Pero, ¿cómo interpretar, cómo elucidar, los sublimes tonos, los subliminales acordes de «Non più andrai» en «Al combate»? Cuando yo asisto a una representación de Las bodas de Fígaro, o bien cuando escucho un disco o miro un vídeo de esa ópera, tal vez a causa de mis lazos con Cuba, respondo a «Non più andrai» de modos diversos. Más allá de la música extremada de Mozart, más allá del inteligente y divertido libreto de Da Ponte, está la escondida conexión cubana, una historia casi inaudible pero no del todo ilusoria en la que sería posible escuchar una reflexión oblicua sobre las hazañas y los azares de Cuba. Al examinar los textos de Beaumarchais y de Da Ponte, resulta interesante comprobar que tanto la pieza como la ópera son una clara acusación dirigida a la autocracia. Las palabras del dramaturgo que el libretista reformulará en la ópera describen vívidamente los sufrimientos y peligros que afectarán a Chérubin una vez se una al regimiento del Conde, pero los dos textos son comedias y a los públicos no habrá de preocuparles la muerte anunciada del joven. La canción de Figueredo, en cambio, proclama el inicio de una guerra real, y el solemne verso «morir por la patria es vivir» no es, por tanto, una mera versión del horaciano «dulce et decorum est pro patria mori», sino el presagio de terribles sucesos de sangre por venir. En el aria de Mozart, Fígaro le anuncia a Cherubino: «ed invece del fandango, una marcia per il fango»; en el texto de Figueredo no hay mención de esos esfuerzos, pero esa omisión, ese silencio, resonaría poderosamente en quienes se fijen en los lazos que unen la ópera y el himno y a la vez contemplen las batallas en distintas guerras en la que habían de morir los cubanos, la más famosa de las cuales, la más consagrada, sería la muerte de Martí en Dos Ríos.

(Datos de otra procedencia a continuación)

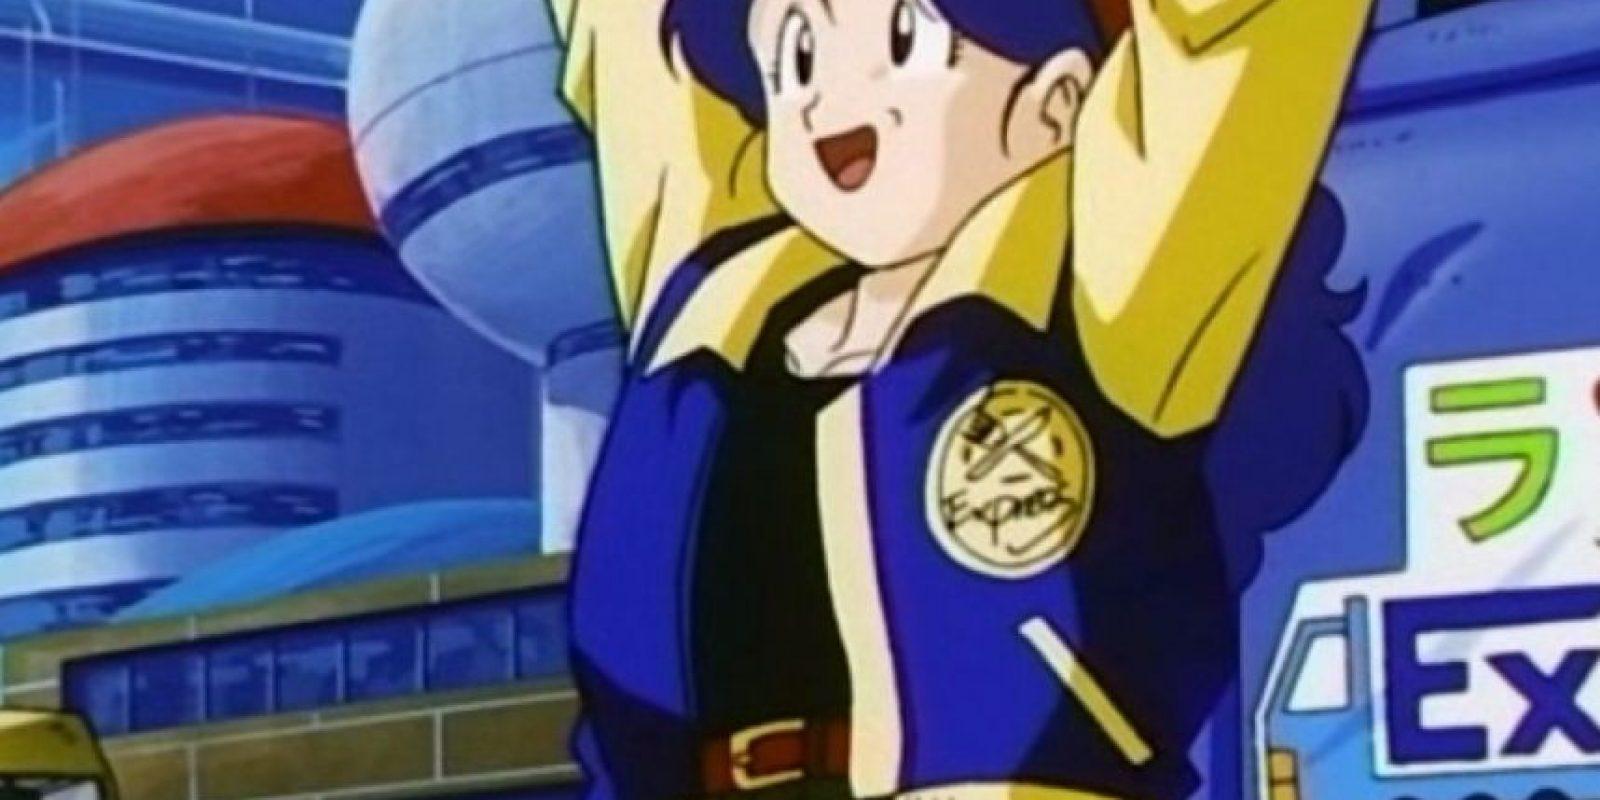 Launch era la mujer que ayudaba en casa del maestro Roshi. Cuando estornudaba se convertía en una ladrona agresiva. Aparece en la última temporada de Dragon Ball Z Foto:Toei

El hecho de que «Al combate» se origine en un aria cómica no quiere decir que haya ningún defecto en los símbolos de Cuba, o bien que el país deba verse como uno de esos Operettenstaaten inventados por Offenbach o Lehár para las tablas, o como una copia real de la Costaguana ficticia de Nostromo de Conrad. Lo que sí permite la conexión operística es explorar un aspecto problemático de la cultura cubana: la visión de la homosexualidad como ausencia de hombría o como forma de locura o traición. En esa narrativa del origen de «Al combate» en Las bodas de Fígaro, la aparente androginia de Cherubino es del todo significativa; él, o ella, puede amar locamente a la Condesa de Almaviva, pero el papel de Cherubino lo canta una mujer, y él, o ella, se compara en «Non più andrai» con un Narciso enamorado de su peinado, su gran sombrero y sus plumas, y poseedor de un «donnesco vermiglio color», que en una versión inglesa del libreto se traduce como «cheeks as pink as any girl’s» (p.123), es decir, «mejillas tan rosadas como las de cualquier chica». En la ópera, cuando escucho «Non più andrai» en la sala en penumbras, a veces siento el deseo de levantarme y saludar el himno cubano; de igual modo, cuando siento los clarines marciales de «Al combate», no puedo no sonreír al recordar el travestismo operístico de Cherubino, un linaje reprimido cuyo espectral retorno podría ser problemático, a menos que se reconozca el temperamento inquietante —extraño y a la vez familiar— de las naciones.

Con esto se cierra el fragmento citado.